§ The problem: Starting at the line that contains "Notable Native People: 50" and stopping at the line that contains "Company of heroes", transcribe every line of the material below exactly; pictures stay out.

*** Opening Given records ***

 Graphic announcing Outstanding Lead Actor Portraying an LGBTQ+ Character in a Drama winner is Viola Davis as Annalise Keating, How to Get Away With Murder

*** Closing Given records ***
*** Opening Given records ***

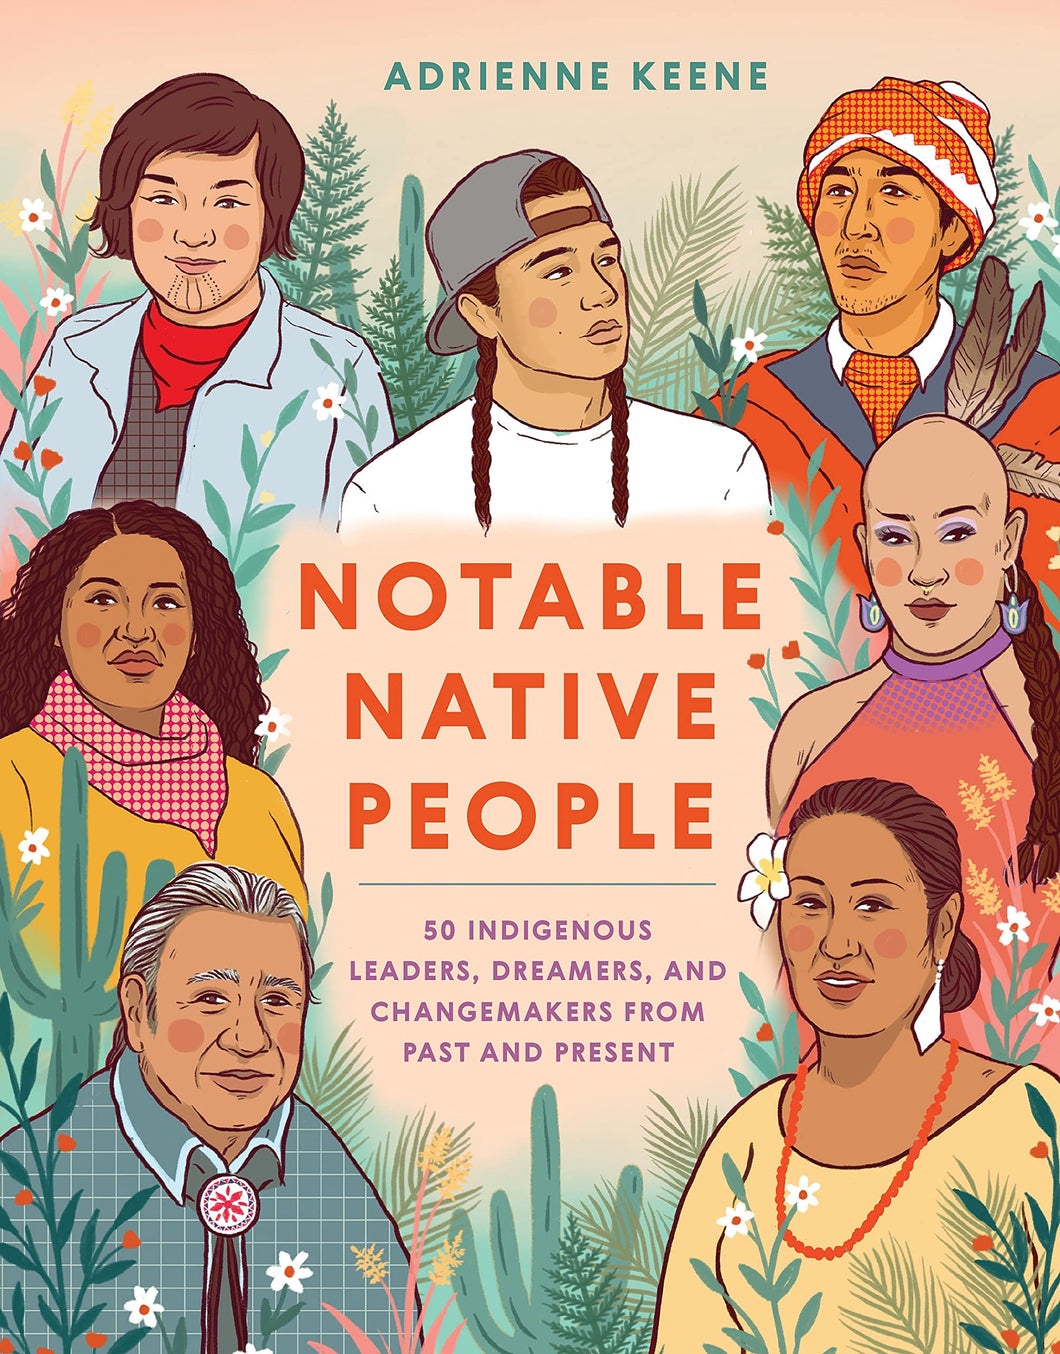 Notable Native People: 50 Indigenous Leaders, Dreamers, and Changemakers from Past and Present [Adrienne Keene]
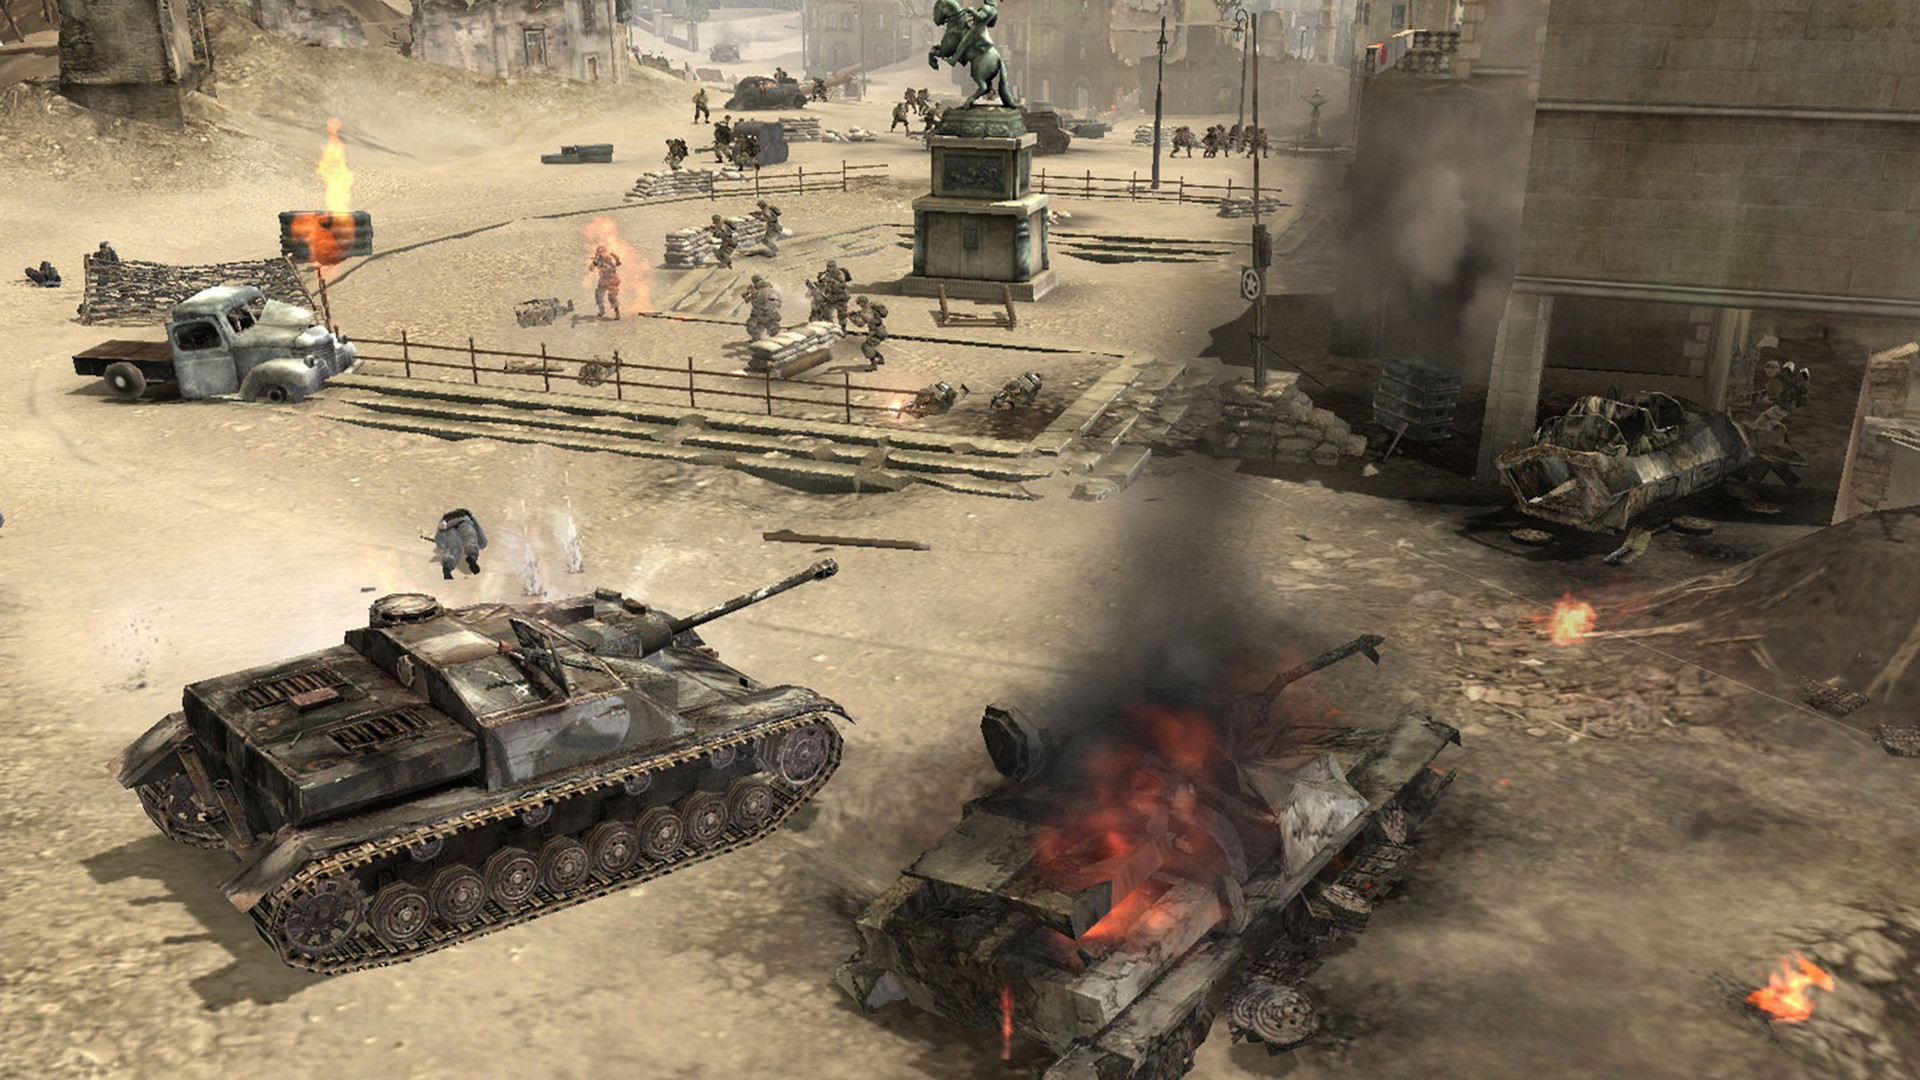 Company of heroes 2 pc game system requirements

*** Closing Given records ***

§ Answer section:
 Notable Native People: 50 Indigenous Leaders, Dreamers, and Changemakers from Past and Present [Adrienne Keene]
 Company of heroes 2 pc game system requirements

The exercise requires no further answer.